The problem |
The full listing is to be returned exactly as given, but without pictures.

Collected data |
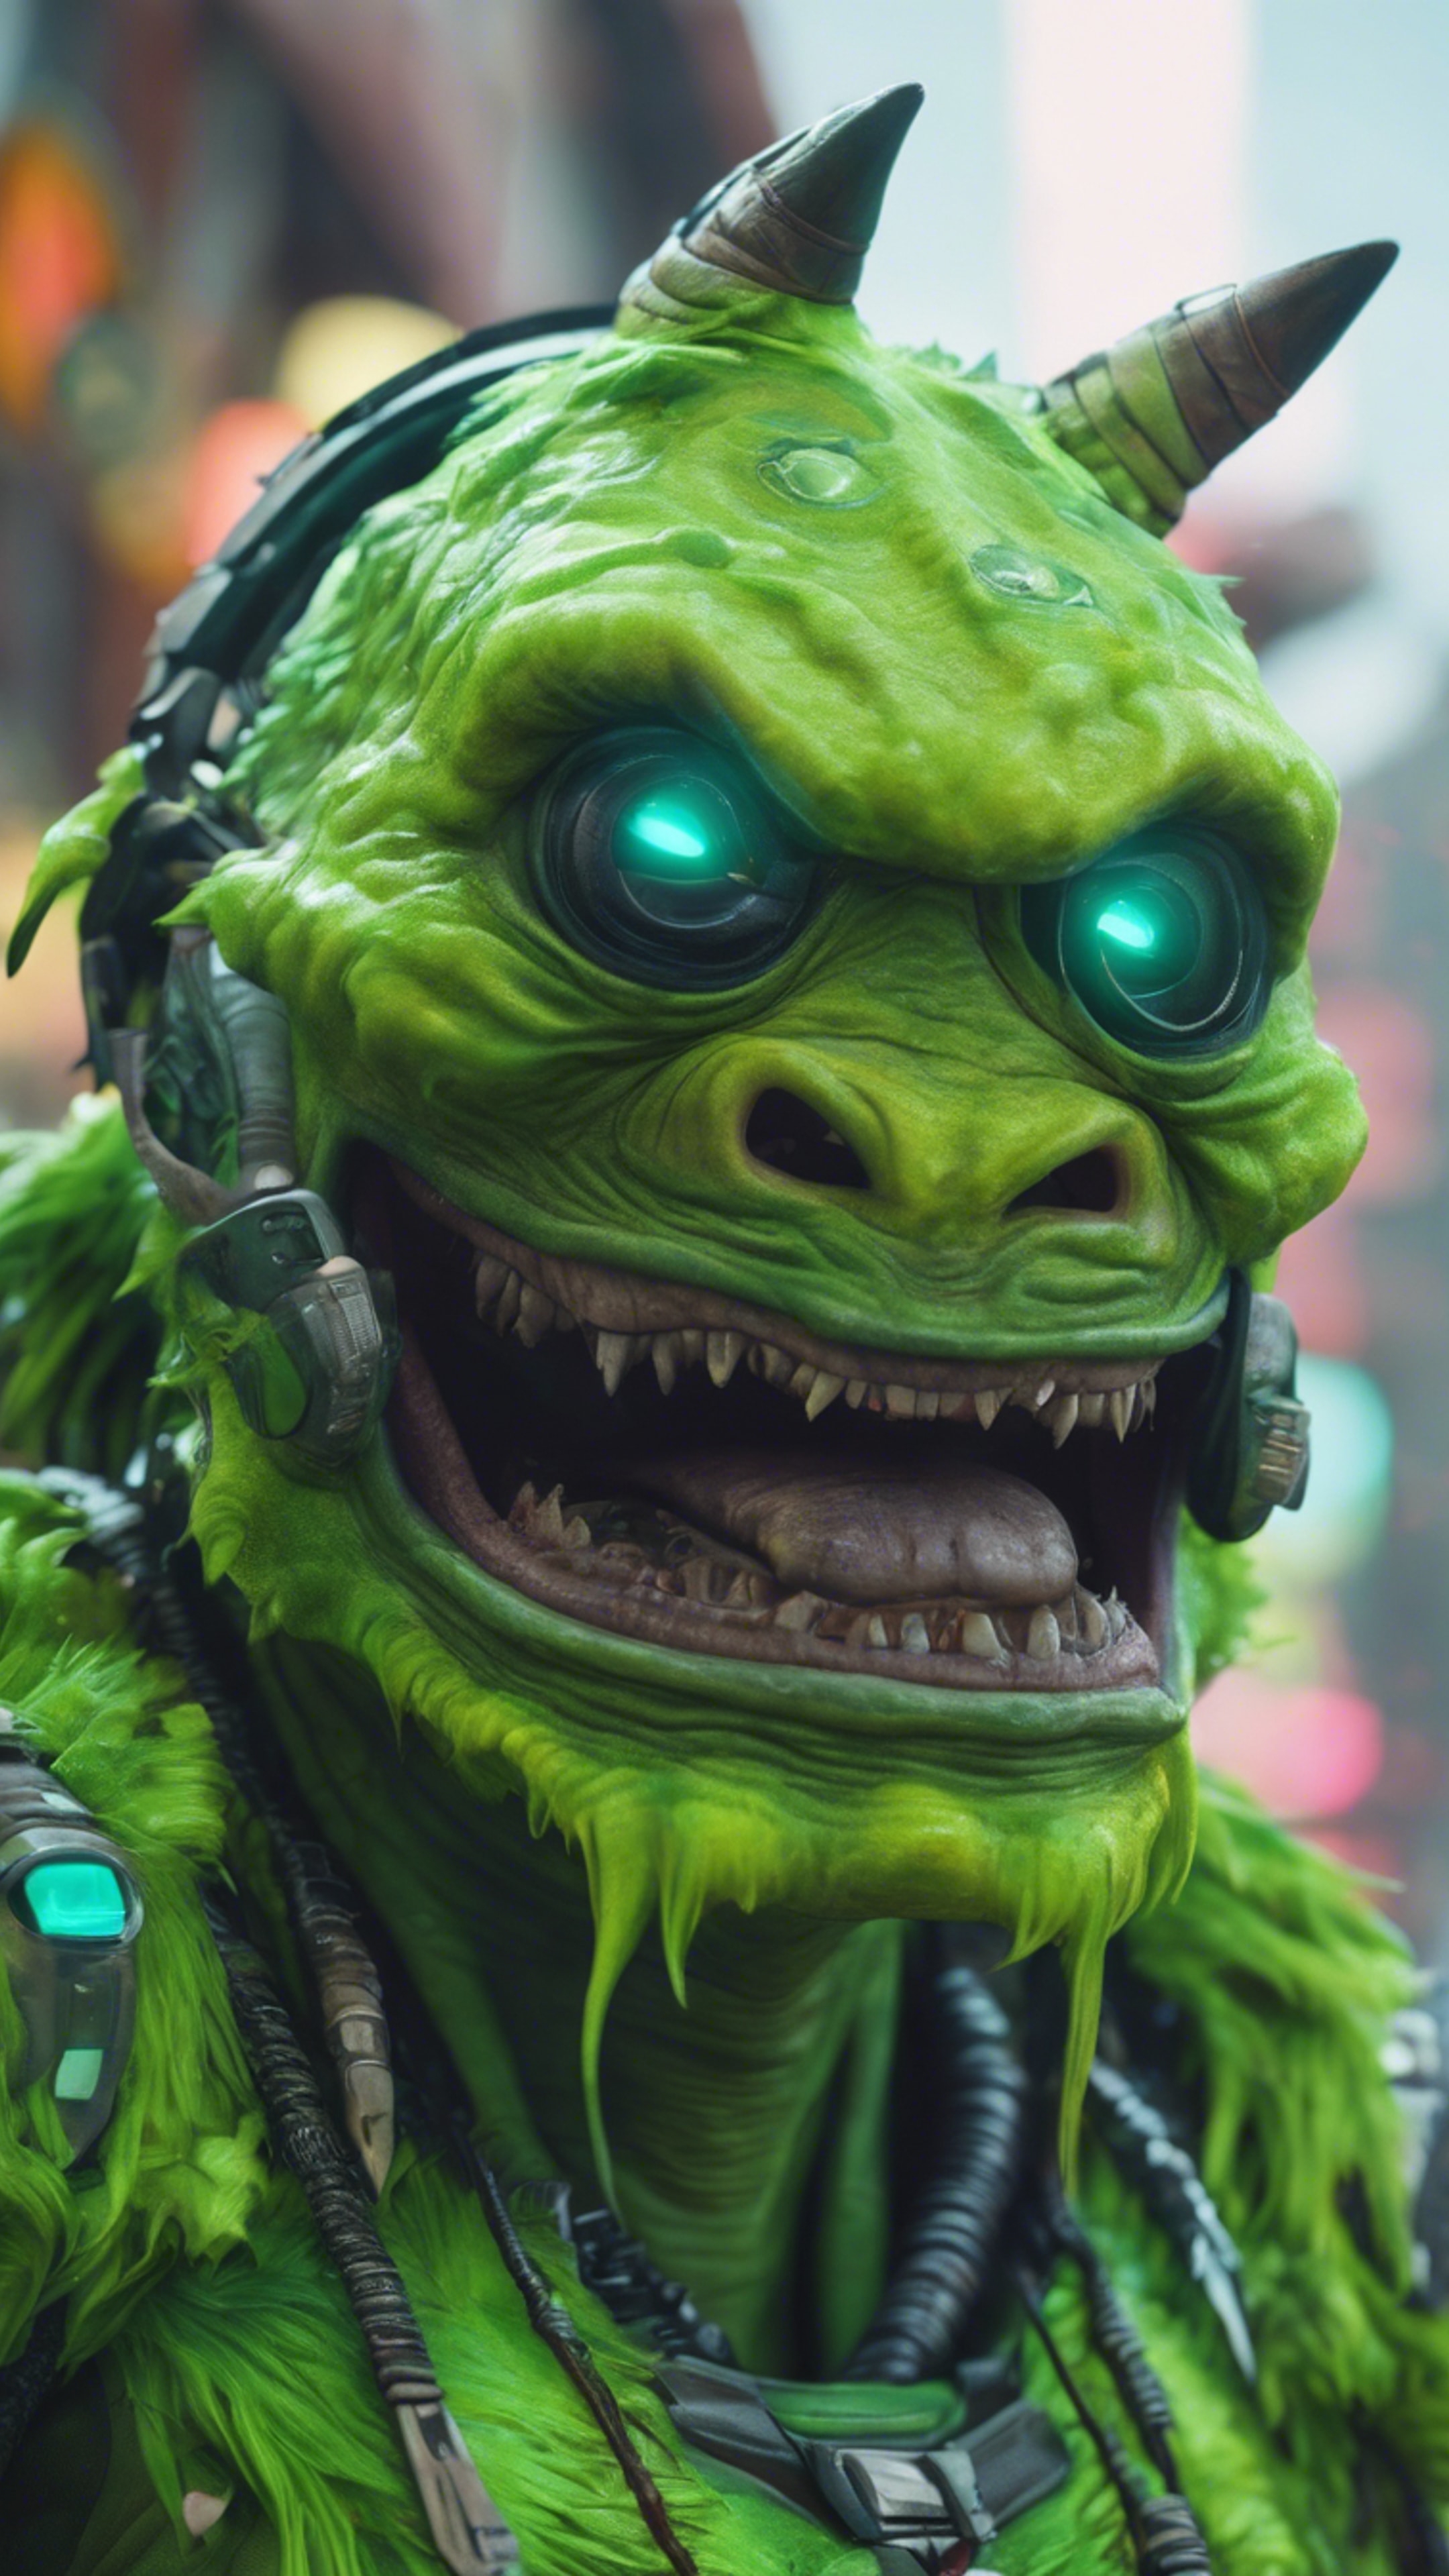 A neon green monster avatar in a popular video game Tapéta[af5fbbdb1ec04a35bd90]
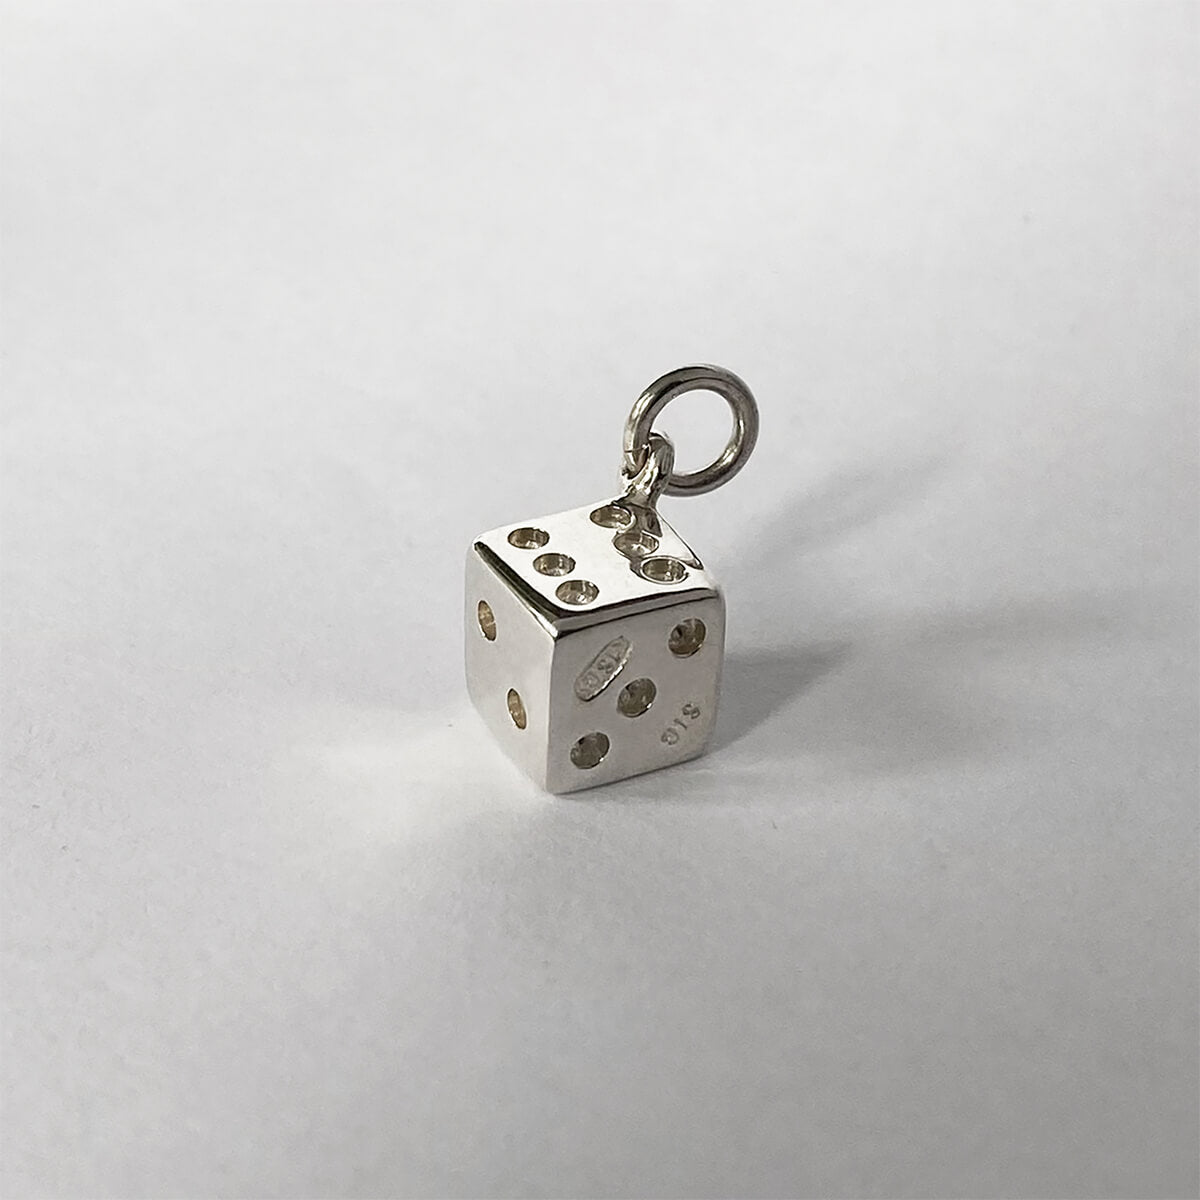 Die charm sterling silver dice pendant
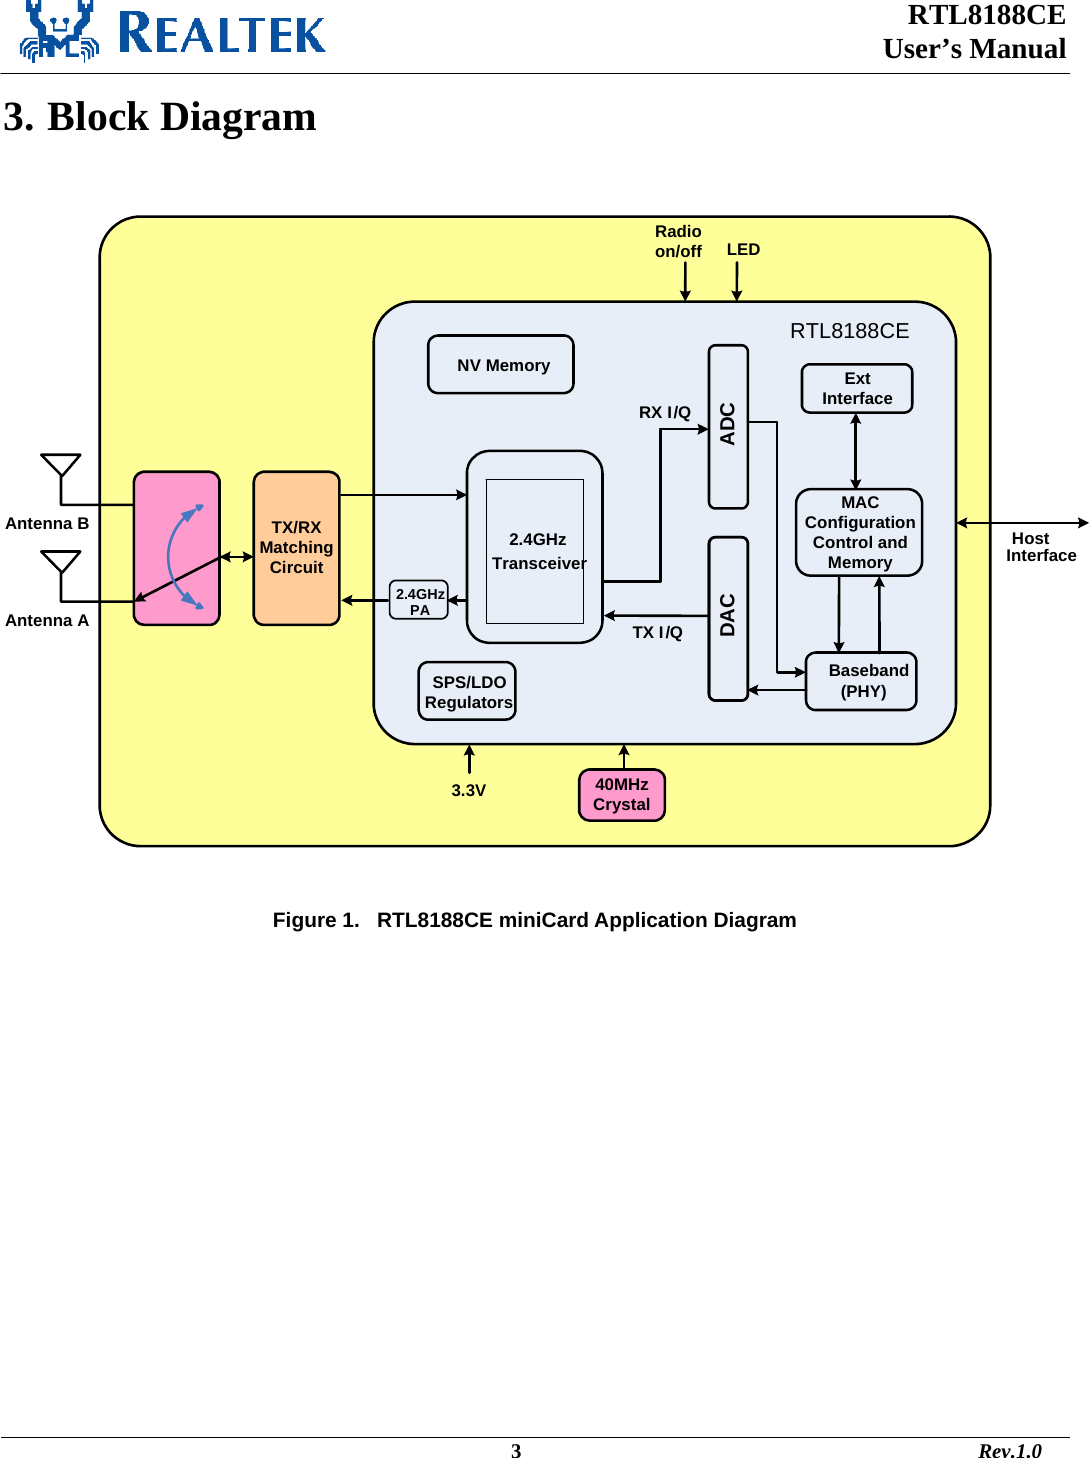  RTL8188CE  User’s Manual    3. Block Diagram   Antenna B 2.4GHz PA2.4GHzTransceiverTX I/QNV MemoryADCDACSPS/LDORegulators40MHzCrystalMACConfigurationControl andMemoryExt InterfaceBaseband(PHY)RTL8188CEHostInterface3.3VRX I/QAntenna A LEDRadio on/off40MHz CrystalTX/RX Matching Circuit  Figure 1.   RTL8188CE miniCard Application Diagram                                                                                             3                                                                                       Rev.1.0

Your solution |
 A neon green monster avatar in a popular video game Tapéta[af5fbbdb1ec04a35bd90]
 Die charm sterling silver dice pendant
  RTL8188CE  User’s Manual    3. Block Diagram   Antenna B 2.4GHz PA2.4GHzTransceiverTX I/QNV MemoryADCDACSPS/LDORegulators40MHzCrystalMACConfigurationControl andMemoryExt InterfaceBaseband(PHY)RTL8188CEHostInterface3.3VRX I/QAntenna A LEDRadio on/off40MHz CrystalTX/RX Matching Circuit  Figure 1.   RTL8188CE miniCard Application Diagram                                                                                             3                                                                                       Rev.1.0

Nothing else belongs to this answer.